## Your objective
Below are entries. Reproduce exactly the lines between the line holding "Enjoy the Ride T-shirt" and the line holding "Men's George Strait", inclusive, and only those.

Top of Study material

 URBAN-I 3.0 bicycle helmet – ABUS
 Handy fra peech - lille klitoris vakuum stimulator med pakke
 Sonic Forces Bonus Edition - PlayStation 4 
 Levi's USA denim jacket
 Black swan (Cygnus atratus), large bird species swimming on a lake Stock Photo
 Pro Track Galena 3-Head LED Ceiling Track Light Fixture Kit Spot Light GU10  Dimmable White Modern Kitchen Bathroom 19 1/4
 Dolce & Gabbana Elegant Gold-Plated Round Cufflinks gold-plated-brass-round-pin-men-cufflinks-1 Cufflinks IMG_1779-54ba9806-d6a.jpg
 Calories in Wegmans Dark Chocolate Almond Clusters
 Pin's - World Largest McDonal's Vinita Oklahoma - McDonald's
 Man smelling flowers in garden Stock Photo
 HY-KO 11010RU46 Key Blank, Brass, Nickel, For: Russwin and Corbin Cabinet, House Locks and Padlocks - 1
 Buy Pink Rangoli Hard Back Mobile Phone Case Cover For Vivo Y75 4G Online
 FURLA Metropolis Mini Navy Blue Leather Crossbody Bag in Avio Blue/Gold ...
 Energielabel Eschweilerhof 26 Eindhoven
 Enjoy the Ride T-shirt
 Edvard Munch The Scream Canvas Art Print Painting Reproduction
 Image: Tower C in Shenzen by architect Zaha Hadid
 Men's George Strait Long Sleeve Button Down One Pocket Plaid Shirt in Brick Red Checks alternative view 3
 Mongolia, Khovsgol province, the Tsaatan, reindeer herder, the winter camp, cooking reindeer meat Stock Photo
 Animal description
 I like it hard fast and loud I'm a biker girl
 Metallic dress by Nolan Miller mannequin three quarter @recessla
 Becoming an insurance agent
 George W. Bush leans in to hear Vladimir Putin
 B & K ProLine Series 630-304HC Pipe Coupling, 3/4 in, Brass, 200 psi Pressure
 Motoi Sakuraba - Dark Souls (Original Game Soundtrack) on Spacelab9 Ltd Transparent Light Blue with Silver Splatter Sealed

Bottom of Study material

## Exercise result
 Enjoy the Ride T-shirt
 Edvard Munch The Scream Canvas Art Print Painting Reproduction
 Image: Tower C in Shenzen by architect Zaha Hadid
 Men's George Strait Long Sleeve Button Down One Pocket Plaid Shirt in Brick Red Checks alternative view 3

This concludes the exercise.